Wirtschaftsprobleme in China „größer als erwartet“

Peking (dpa) - Warnungen vor einer exzessiven Schuldenlast haben neue Sorgen über den Zustand der chinesischen Wirtschaft entfacht. China war im vergangenen Quartal mit 6,7 Prozent so langsam wie seit 25 Jahren nicht mehr gewachsen.

In einem in der Volkszeitung veröffentlichten Interview warnte eine „ranghohe Führungspersönlichkeit“, bei der es sich um einen Vertrauten von Chinas Staatschef Xi Jinping handeln dürfte, vor „größer als erwarteten Problemen“ und „neuen Herausforderungen“ für die zweitgrößte Volkswirtschaft der Welt.

In dem Gespräch, dem das Parteiorgan den Titel widmete und eine ganze Seite einräumte, schließt die anonyme Quelle eine schnelle und starke Erholung aus. Vielmehr werde die Wirtschaft über Jahre auf einem „moderaten Level“ verharren. Vor allem die rasant steigende Verschuldung müsse schnell gebändigt werden.

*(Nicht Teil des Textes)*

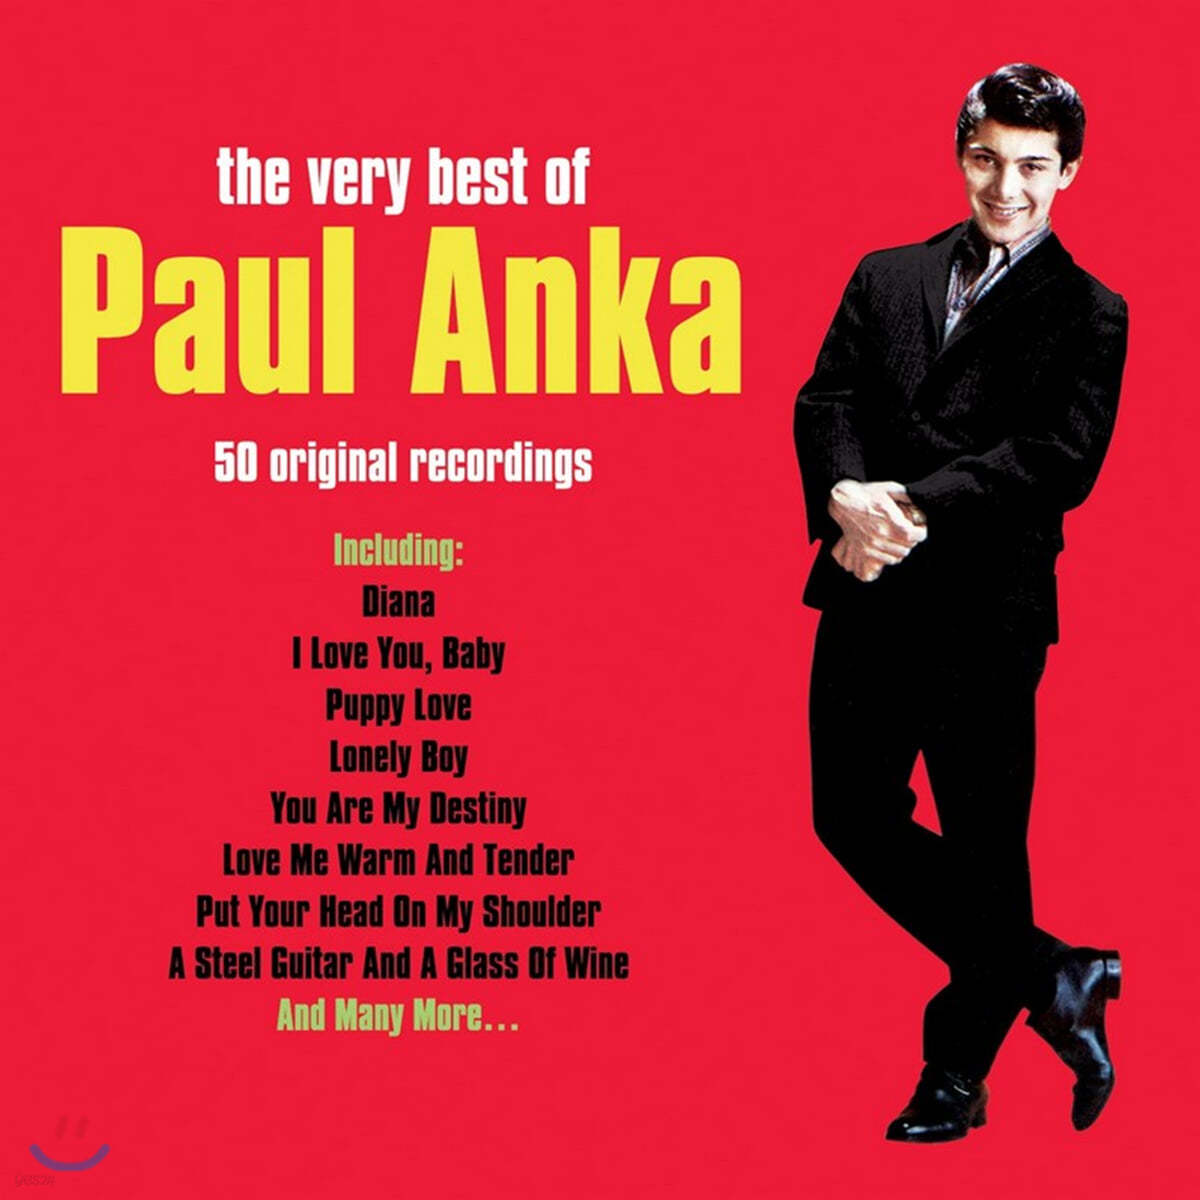 Paul Anka (폴 앵카) - The Very Best of Paul Anka

In dem Text sahen einige Beobachter den Beginn einer möglichen Neuausrichtung der Wirtschaftspolitik des Landes, bei der die Regierung nicht mehr so stark mit geldpolitischen Eingriffen und neuen Schulden Unternehmen unter die Arme greifen will. Der Artikel könnte aber auch auf Differenzen in der Regierung hindeuten, weil die Äußerungen wie Kritik an der derzeitigen Linie des für die Wirtschaft zuständigen Regierungschefs Li Keqiang wirken.

China müsse mit der „Fantasie“ Schluss machen, dass sich die Wirtschaft mit einer lockeren Geldpolitik stimulieren lasse, sagte die „Führungspersönlichkeit“. Jede falsche Handhabung werde zu „systemischen Finanzrisiken und einem negativem Wirtschaftswachstum“ führen. „Das ist tödlich.“

Mehrere Indikatoren hatten allerdings zuletzt auf eine Stabilisierung der Wirtschaft hingedeutet: Der Einkaufsmanagerindex PMI zeigte eine Verbesserung der Stimmung in der Industrie auf, auch die vergangenes Jahr eingebrochenen Exporte zogen wieder an.

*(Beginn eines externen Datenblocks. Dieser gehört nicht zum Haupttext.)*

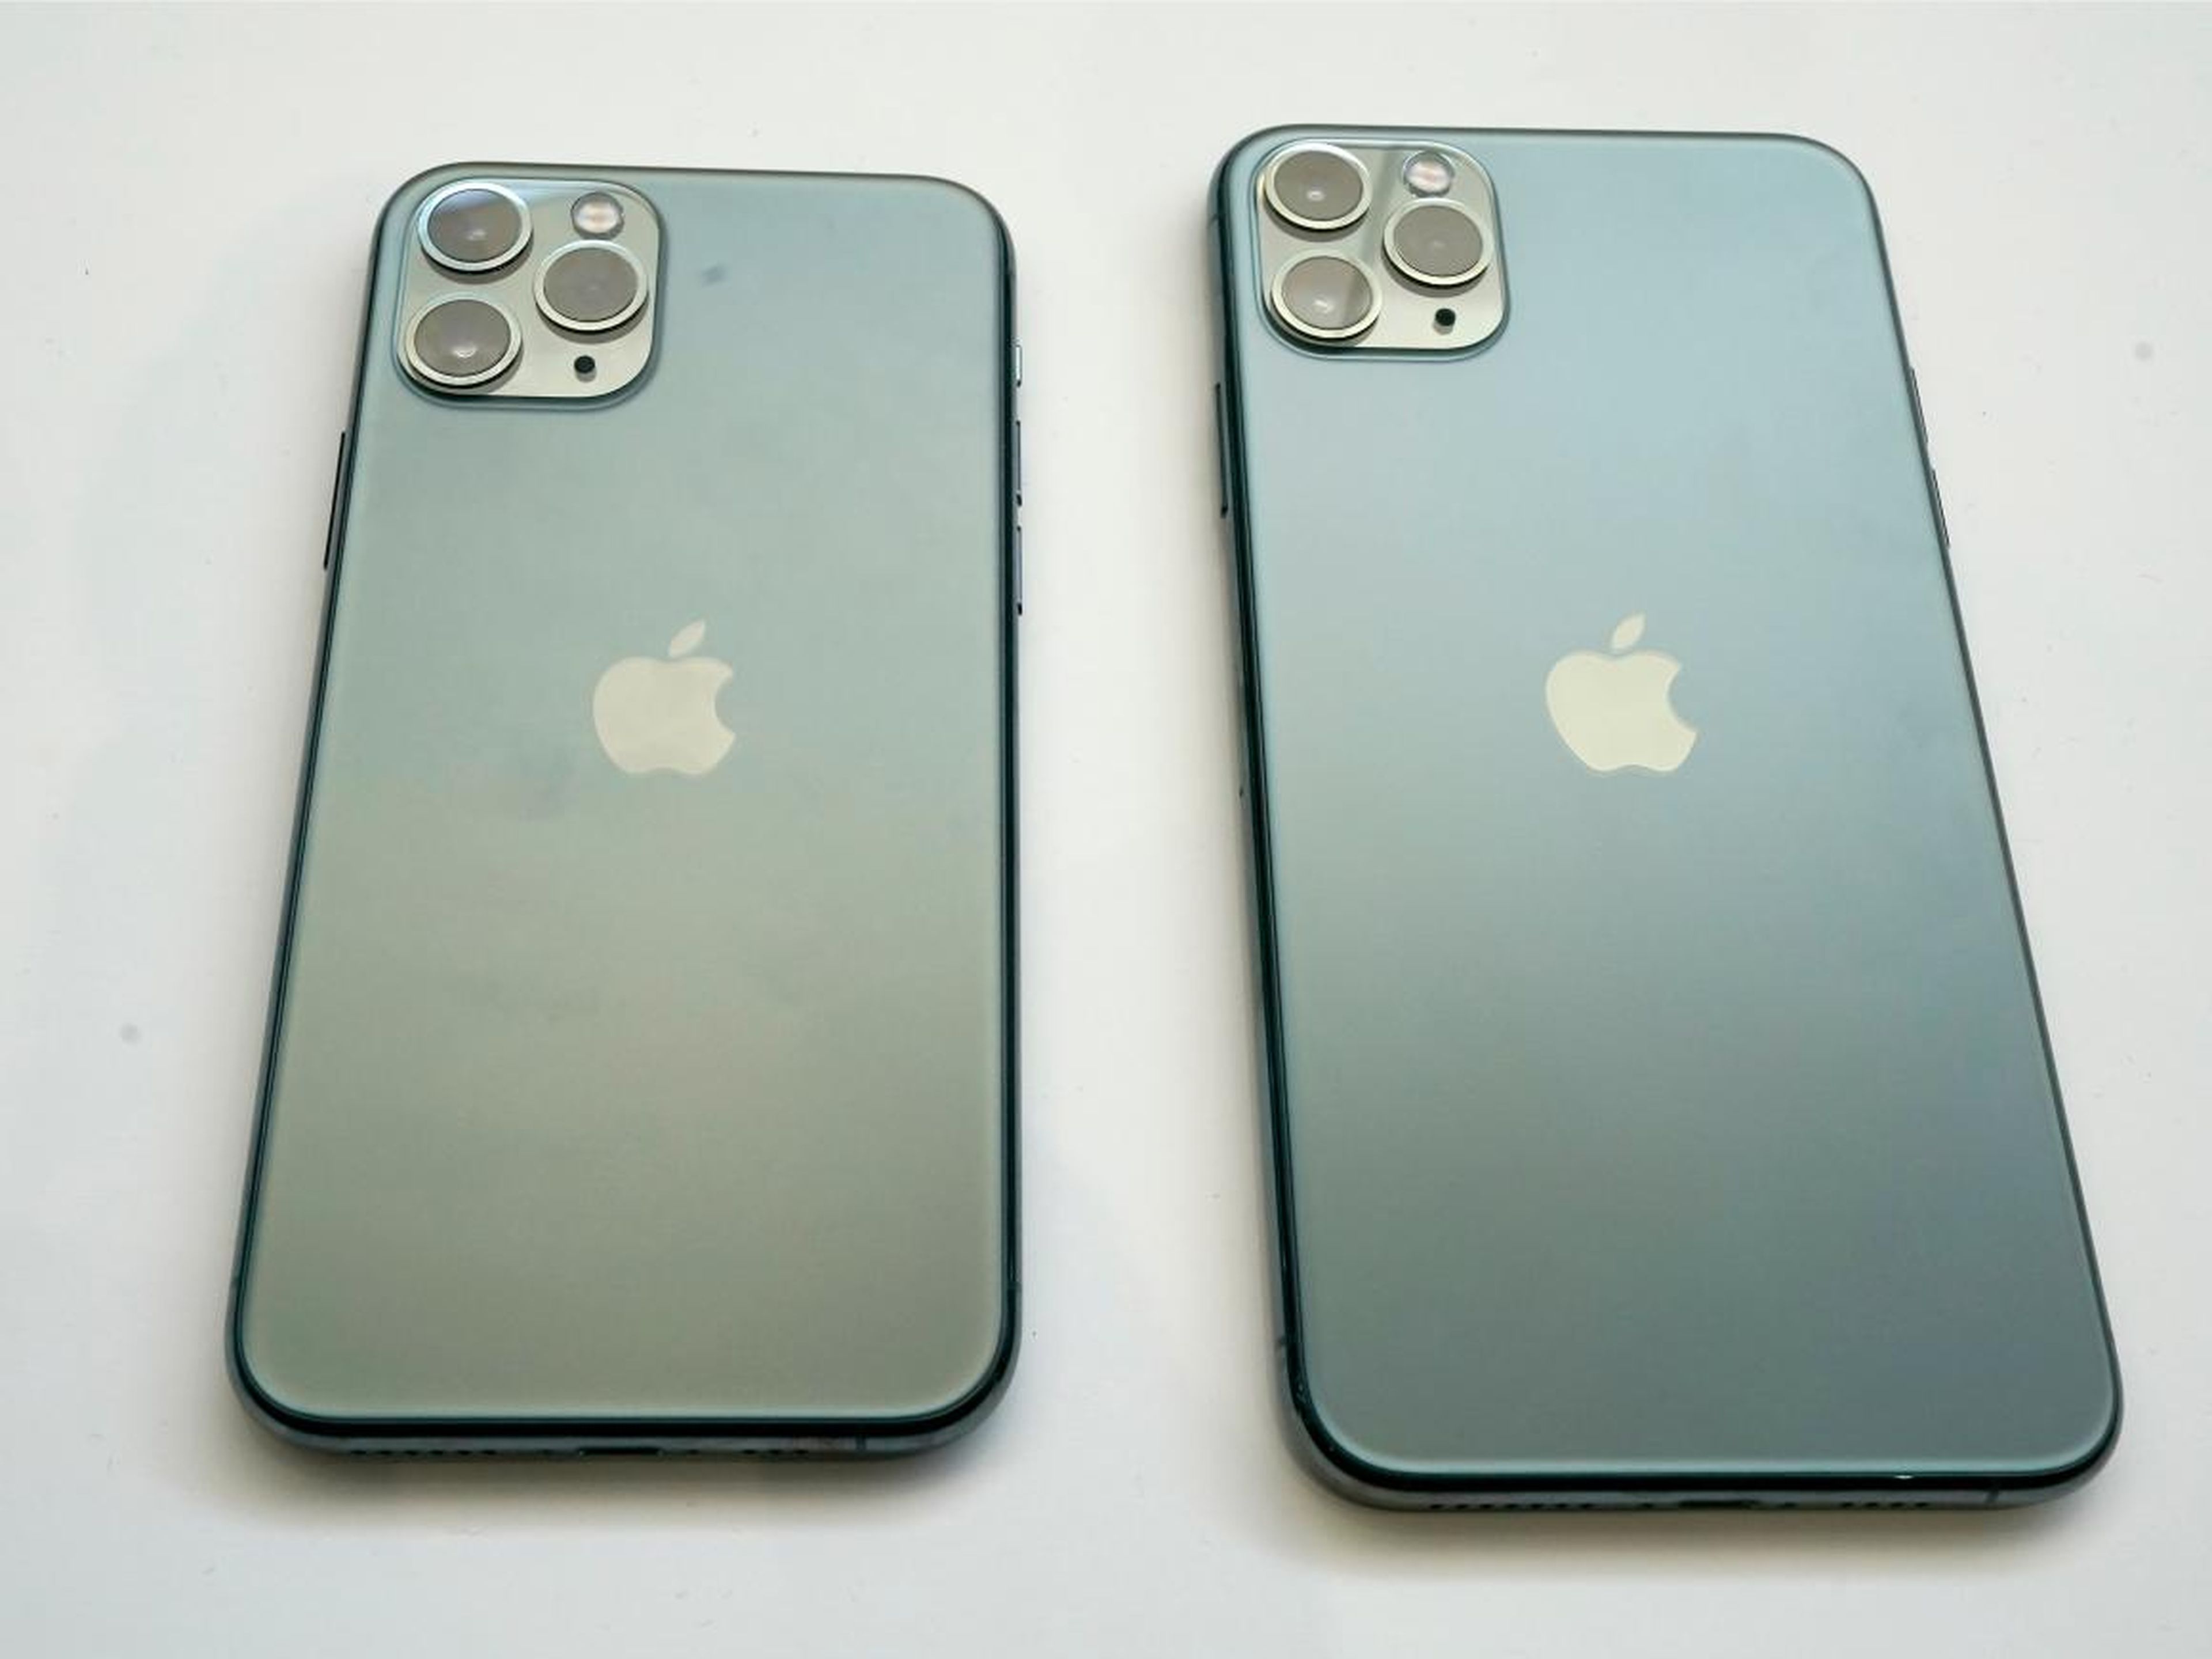 Comparación de iPhone 11 Pro con iPhone 11 Pro Max

Analysten verwiesen jedoch immer wieder darauf, dass die derzeitige Erholung zu einem großen Teil auf neue Stimulus-Programme der Regierung zurückzuführen sei, die seit Beginn des Jahres noch einmal forciert wurden.

Chinas Verschuldung steigt bereit seit Jahren in einem besorgniserregenden Tempo: Seit 2007 haben sich die Verbindlichkeiten mehr als verdoppelt. Bedenklich sind dabei vor allem die hohen Schulden staatlicher Unternehmen, allen voran die zahllosen „Zombie-Fabriken“, die ein riesiges Heer von Arbeitern beschäftigen, aber kaum noch ausgelastet sind.

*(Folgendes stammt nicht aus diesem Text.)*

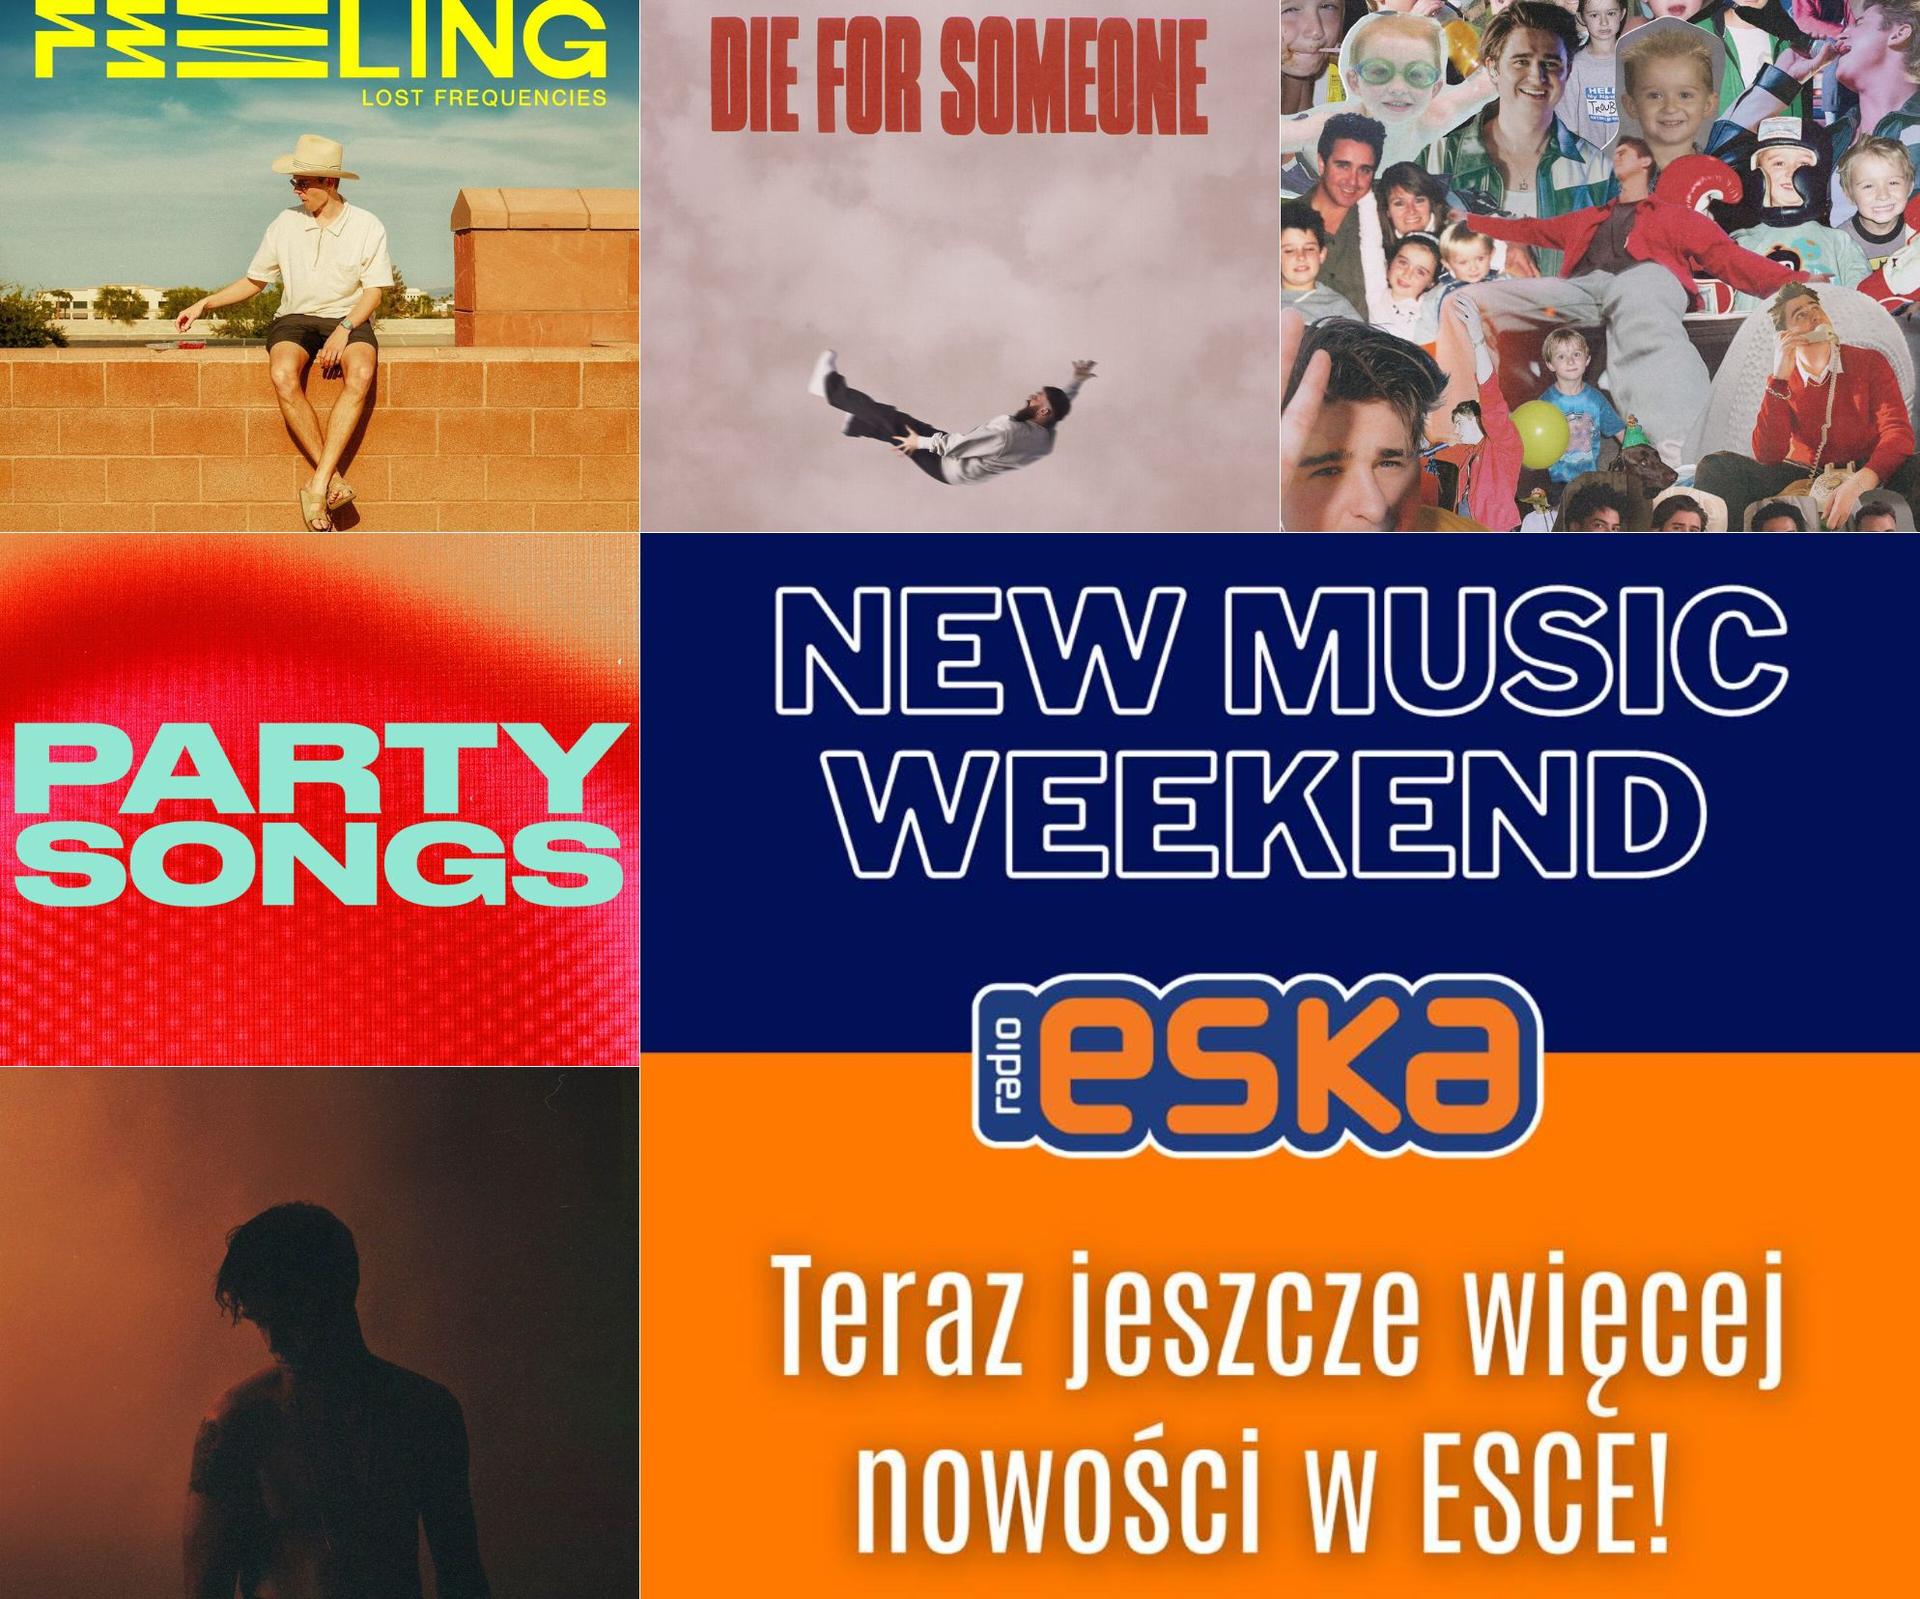 Lost frecvențe, Mikolas Josef și alții cu premierele lor la sfârșitul săptămânii în noua muzică de la Radio ESKA!

Peking hatte Anfang des Jahres angekündigt, Arbeitsplätze in den maroden Staatsunternehmen abbauen zu wollen. Experten halten das Vorgehen aber weiterhin für zu zögerlich.

Laut Schätzungen von Ökonomen dürfte Chinas Gesamtverschuldung bis 2019 auf einen Wert von 283 Prozent des Bruttoinlandsproduktes steigen. Chinas Banken müssen sich deshalb in den kommenden Jahren auf eine steigende Zahl von Kreditausfällen einstellen.

Die Inflation entwickelt sich indes stabil. Wie das Statistikamt in Peking mitteilte, stiegen die Verbraucherpreise im April erneut um 2,3 Prozent im Vergleich zum Vorjahresmonat. Der Anstieg war vor allem von steigenden Preisen für Nahrungsmittel getrieben, die im Vergleich zum Vorjahr um 7,4 Prozent anzogen. Erneut bergab ging es dagegen mit den Erzeugerpreisen. Analysten gehen davon aus, dass die chinesische Zentralbank beim derzeitigen Inflationsniveau die Lockerung der Geldpolitik zurückhaltender angehen dürfte.